Some languages are much harder to compile well to machine code. Some big factors (for any languages) are things like: lack of static types and high "type uncertainty", other dynamic language features, established inefficient extension interfaces that have to be maintained, unusual threading models...

  • That makes sense if you're comparing with Java or C#, but not Ruby, which is way more dynamic than Python.

    The more likely reason is that there simply hasn't been that big a push for it. Ruby was dog slow before the JIT and Rails was very popular, so there was a lot of demand and room for improvement. PHP was the primary language used by Facebook for a long time, and they had deep pockets. JS powers the web, so there's a huge incentive for companies like Google to make it faster. Python never really had that same level of investment, at least from a performance standpoint.

    To your point, though, the C API has made certain types of optimizations extremely difficult, as the PyPy team has figured out.

    • > Python never really had that same level of investment, at least from a performance standpoint.

      Or lack of incentive?

      Alot of big python projects that does machine learning and data processing offloads the heavy data processing from pure python code to libraries like numpy and pandas that take advantage of C api binding to do native execution.

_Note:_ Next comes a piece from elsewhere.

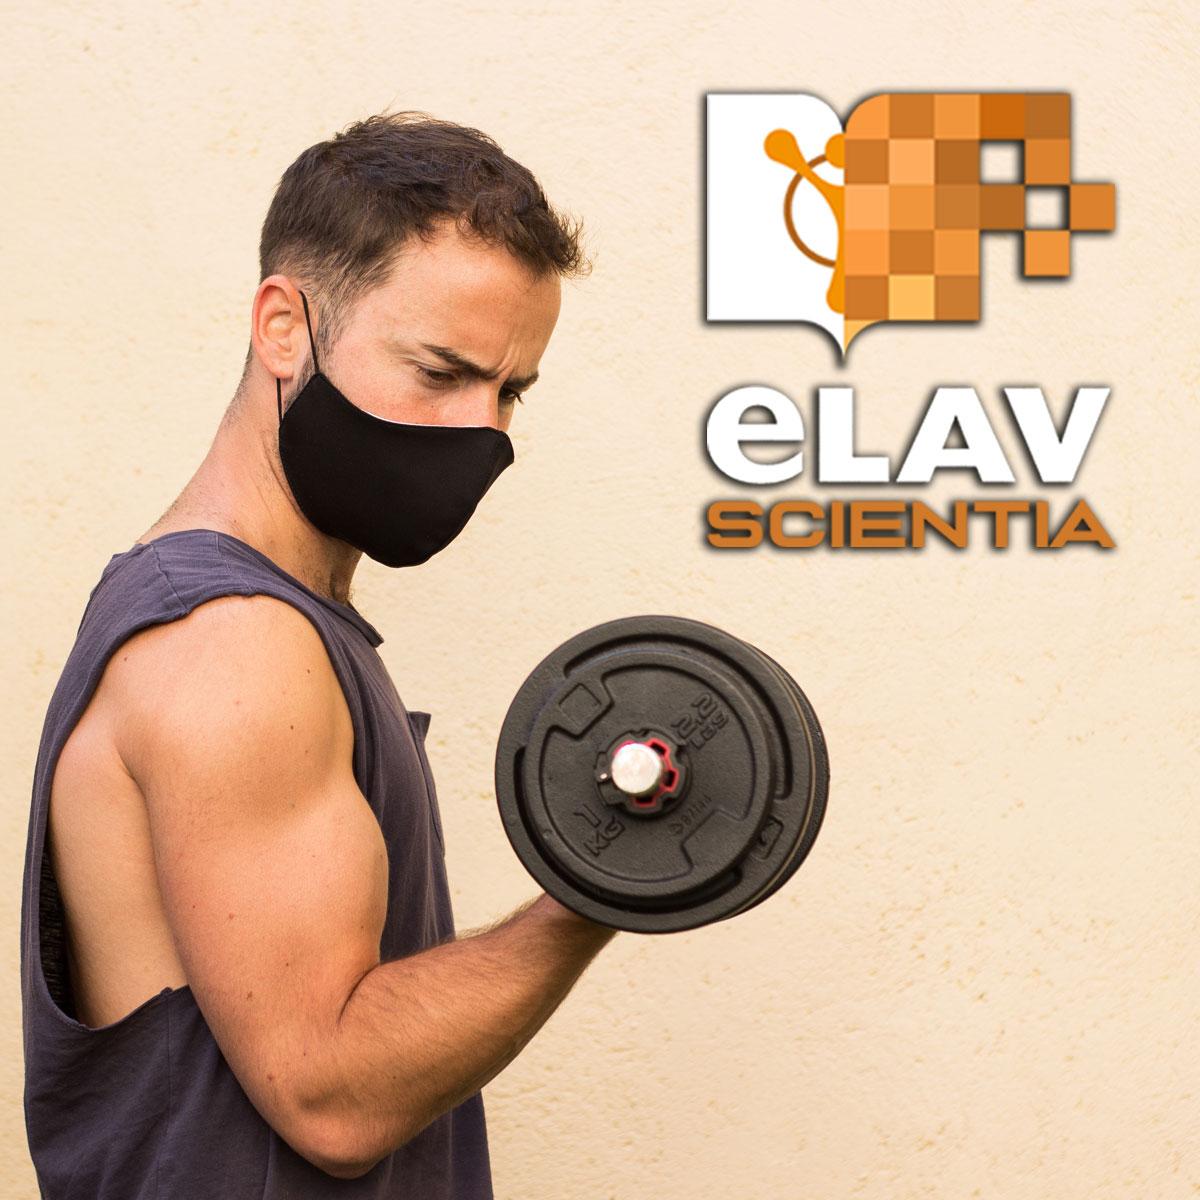 L'esercizio Fisico Intenso Indossando Una Mascherina Potrebbe Essere Pericoloso. Ecco Perché

    • Google, Dropbox, and Microsoft from what I can recall all tried to make Python fast so I don’t buy the “hasn’t seen a huge amount of investment”. For a long time Guido was opposed to any changes and that ossified the ecosystem.

      But the main problem was actually that pypy was never adopted as “the JIT” mechanism. That would have made a huge difference a long time ago and made sure they evolved in lock step.

      1 reply →

  • The simplest JIT just generates the machine code instructions that the interpreter loop would execute anyway. It’s not an extremely difficult thing, but it also doesn’t give you much benefit.

    A worthwhile JIT is a fully optimizing compiler, and that is the hard part. Language semantics are much less important - dynamic languages aren’t particularly harder here, but the performance roof is obviously just much lower.

    • Agree re: different types of JITs producing wildly different results but don't agree about language semantics - even a Java JIT has to give up speed due to certain seemingly minor language and JVM issues. So both matter - no matter how good of a compiler engineer you are, some semantics are just not optimizable. Indeed, the use of a "trace JITs" is a proof of that.

      1 reply →

  • I think that it's just that python people took the problem different, they made working with c and other languages better, and just made bindings for python and offloaded the performant code to these libraries. Ex: numpy

I can't really talk about Ruby. But PHP is much more static and surface of things you have to care about at runtime is like magnitude smaller and there already was opache as a starting point. And speaking of something like JIT in V8 is of the most sophisticated and complicated ever built. There hasn't been near enough man hours and funding to cpython to make it fair comparison

For better or for worse they have been very consistent throughout the years that they don't want want to degrade existing performance. It is why the GIL existed for so long

Are you forgetting about PyPy, which has existed for almost 2 decades at this point?

  • That's a completely separate codebase that purposefully breaks backwards compatibility in specific areas to achieve their goals. That's not the same as having a first-class JIT in CPython, the actual Python implementation that ~everyone uses.

    • Definitely agree that it’s better to have JIT in the mainline Python, but it’s not like there weren’t options if you needed higher performance before.

      Including simply implementing the slow parts in C, such as the high performance machine learning ecosystem that exists in Python.